In terms of median earnings (the mid-point of all employees’ salaries from the highest to lowest paid), BAME staff at the Hachette Group take home 6.9% more than white employees, and 10.4% more in bonus pay. According to Hachette HR director Melanie Tansey, the results are “counterintuitive”, partly because the low number of employees (127) skew it, but also because the figures miss the overall picture. As Hachette UK c.e.o. David Shelley says in an email to staff , the real finding is “the lack of representation in the company”. Of 1,650 employees, just 7.7% are from BAME backgrounds, less than the wider publishing sector of 11.6%, and almost half that of the number living in the UK (14%)—although in truth a better measure might be London, where 41% of the population identifies as BAME.

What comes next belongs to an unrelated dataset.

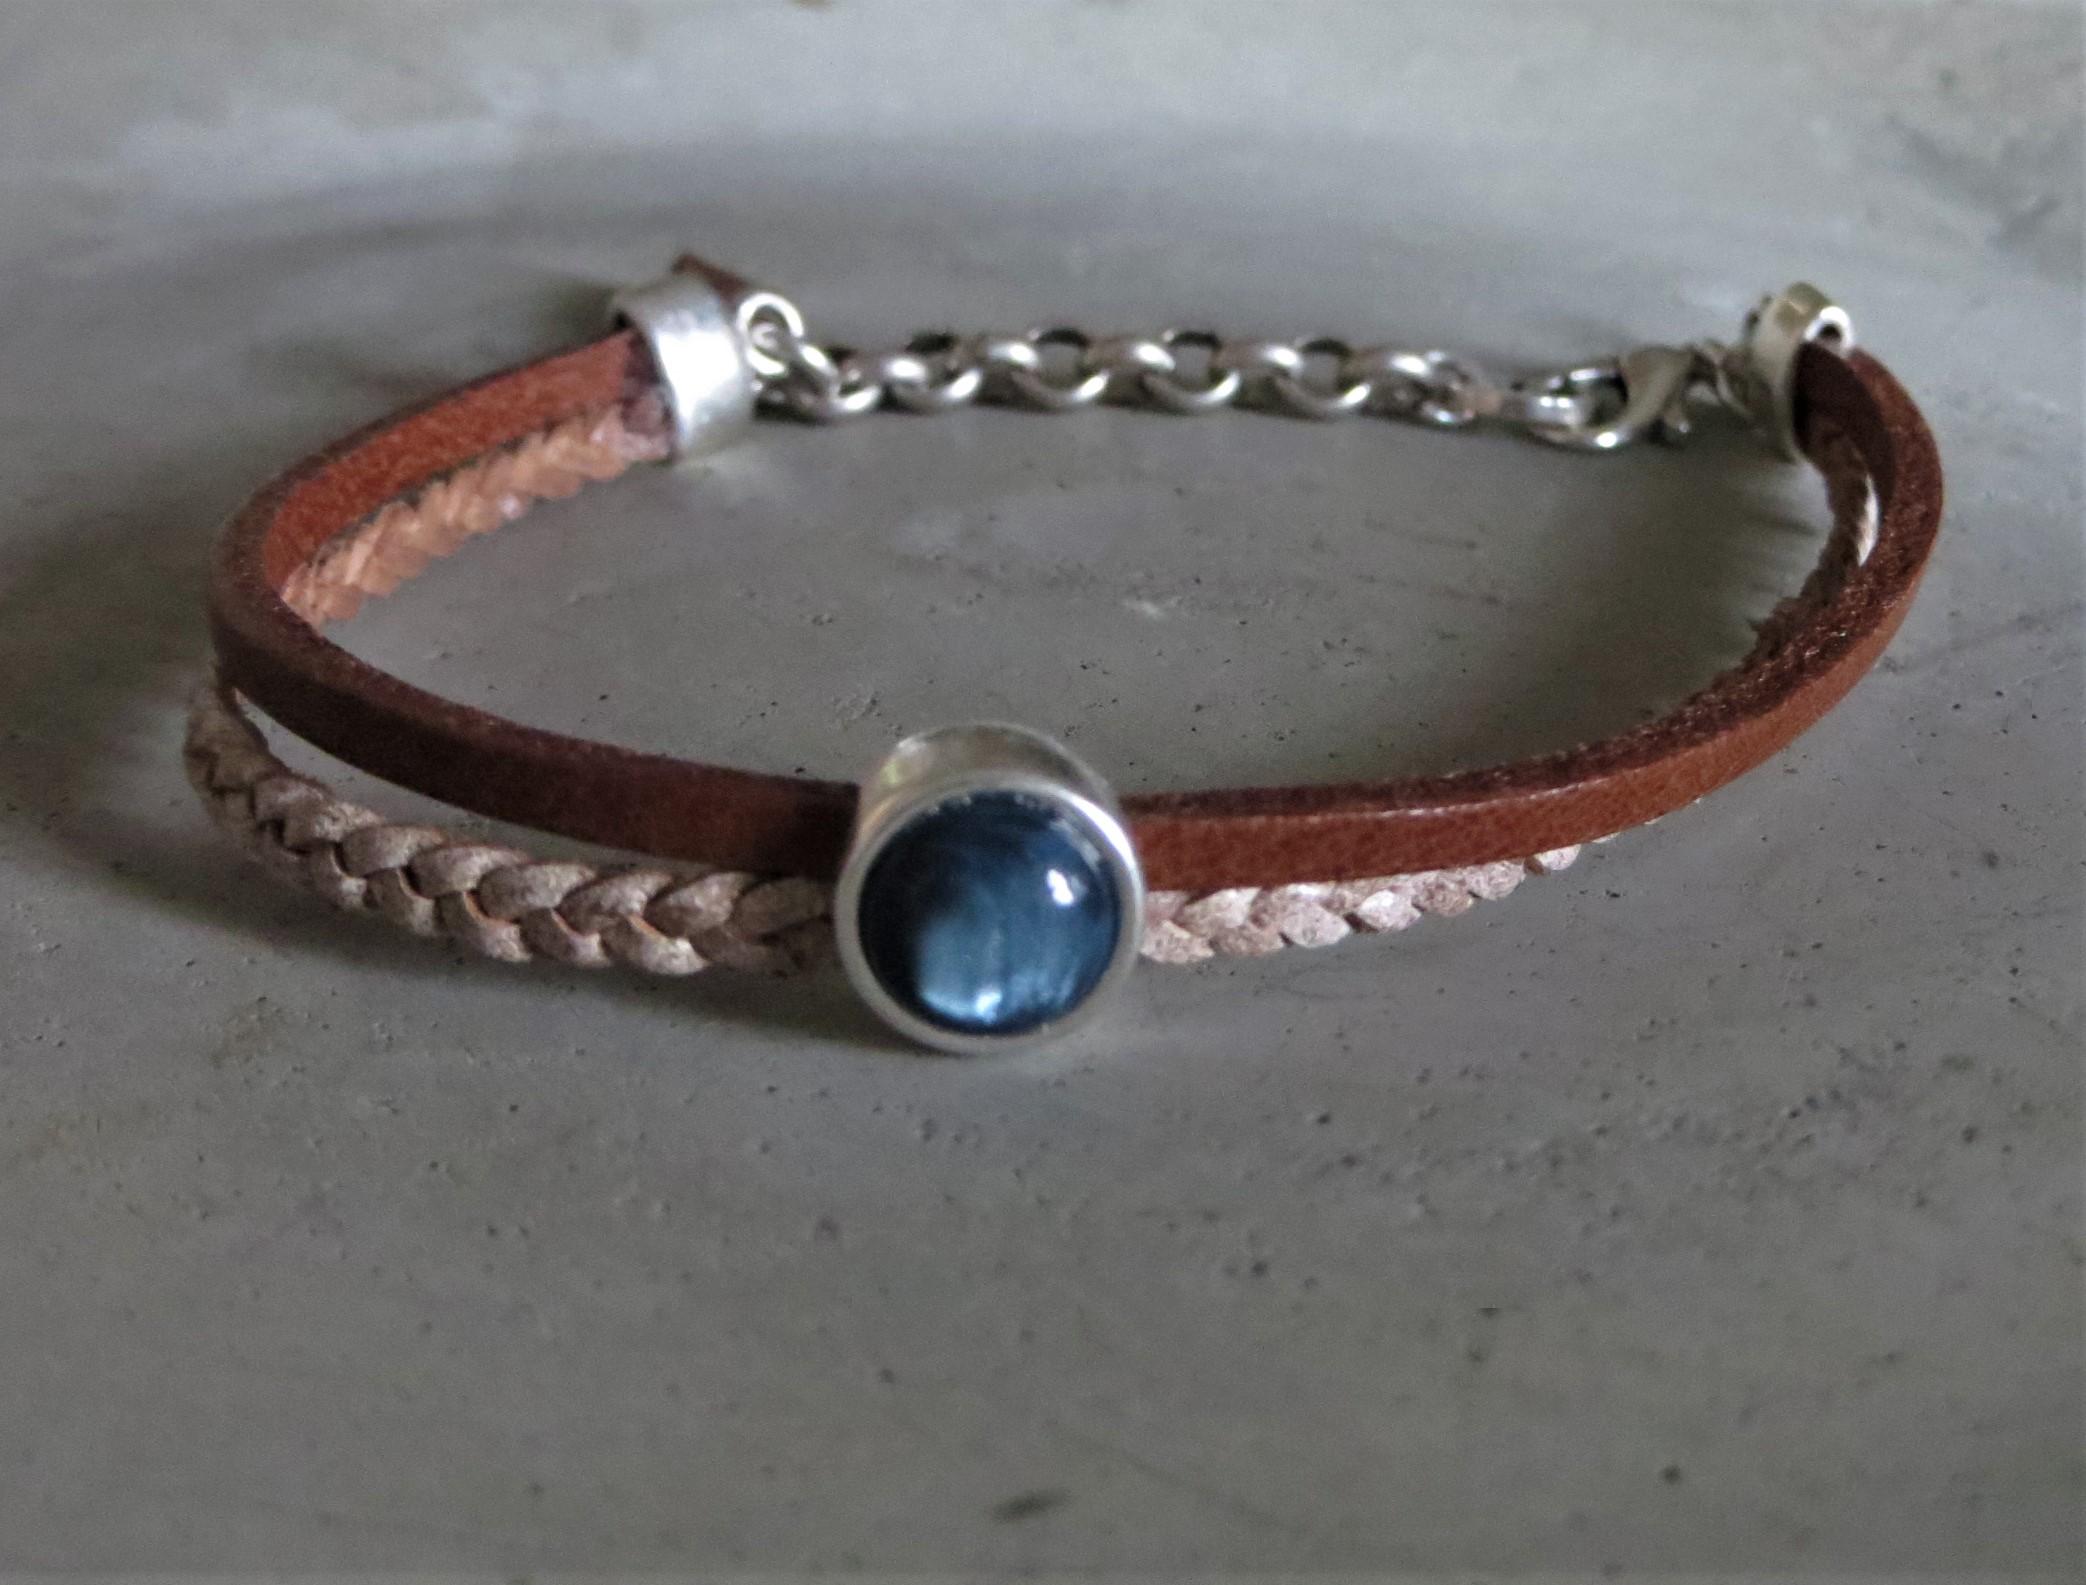 Armbaender - QOSS Armband FLEUR Braun Jeansblau onesize  - Onlineshop Tante Emmer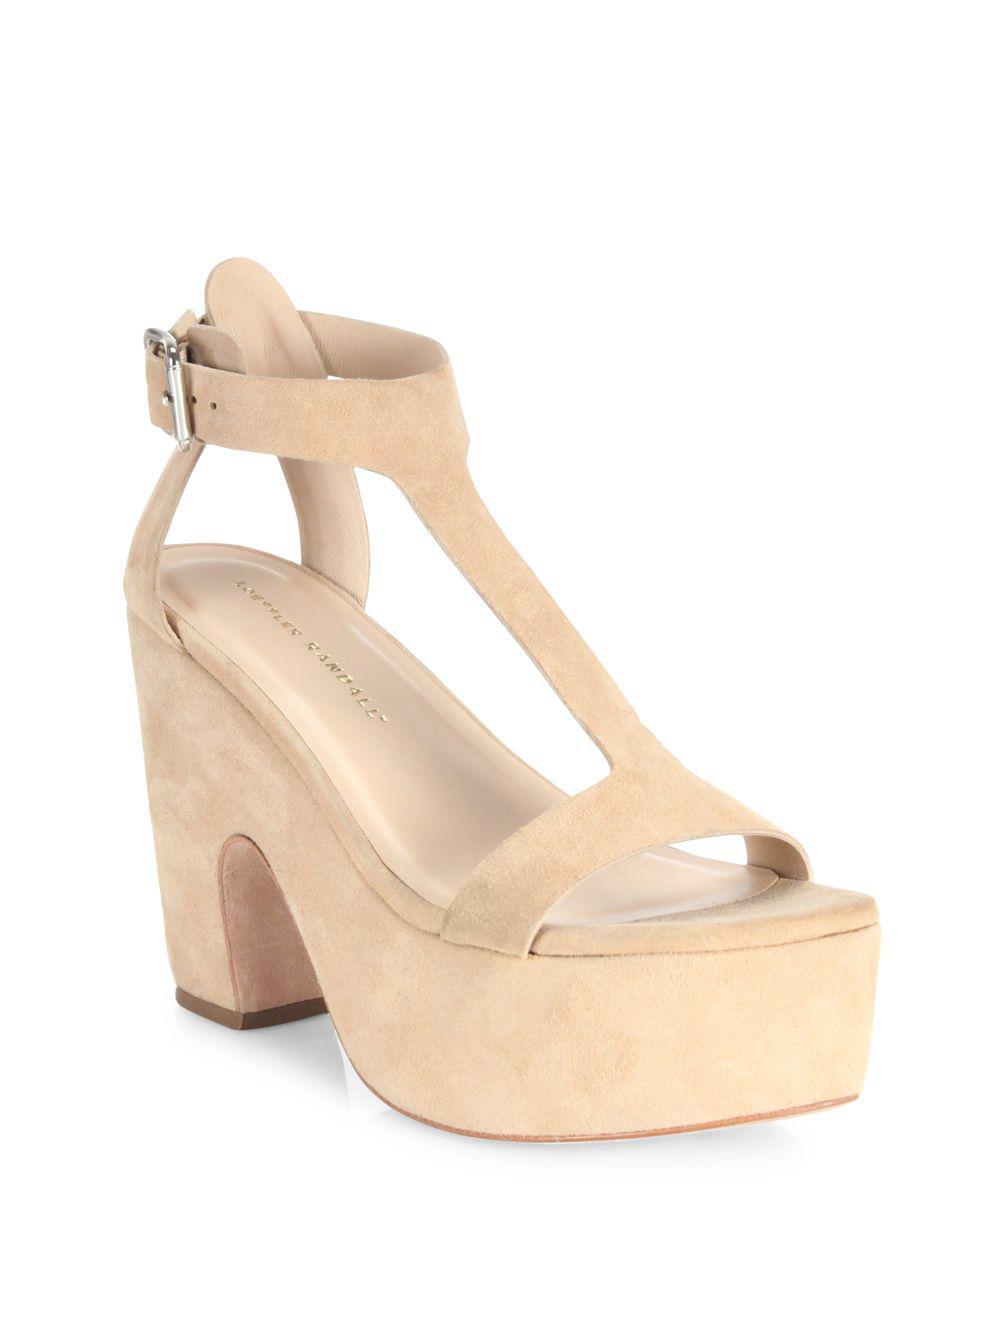 6f0384e3f271 Lyst - Loeffler Randall Minette Suede Platform Wedge Sandals in Natural

For the Hachette Group, BAME employees tend to be spread among the lower-middle and upper-middle pay scales, indicative, Hachette said, of roles such as those found in IT and finance departments. In the upper pay quartile 7% of staff are BAME, and there are no members of the Hachette UK board from a BAME background. Falling short of the top pay levels explains why the mean pay gap shows a 10% deficit in favour of white employees—skewed by a number of very high earners.
It is a few years since I argued that after almost 15 years of hand-wringing over this issue, publishers might be ready for meaningful change. Hachette’s report won’t persuade the cynics who will turn to BookTrust’s statistics that show the number of authors/illustrators of colour publishing children’s books has actually declined since 2015.
What’s important though is what happens next. Hachette aims to recruit more broadly (including at least one BAME candidate on interview shortlists) and for editorial roles. It will also establish a “mirror board” that could serve as a runway onto the main board for BAME staff with high potential. BookTrust is aiming to increase the proportion of creators of colour through its “Represents” project.
Hachette is not the only publisher with a raft of well-meaning initiatives aimed at resolving an industry-wide problem. Its diversity and inclusion manager Saskia Bewley says it is acting out of a “moral and cultural imperative”. In taking a lead, the group is hoping the pack follows, but it is also detaching itself from the rest, and setting itself up as the “publisher of choice for everyone”.
In the week when Trapeze title Queenie, by Candice Carty-Williams, débuted in the second spot in the Original Fiction chart, that point is emphatically well made— publishing inclusively works.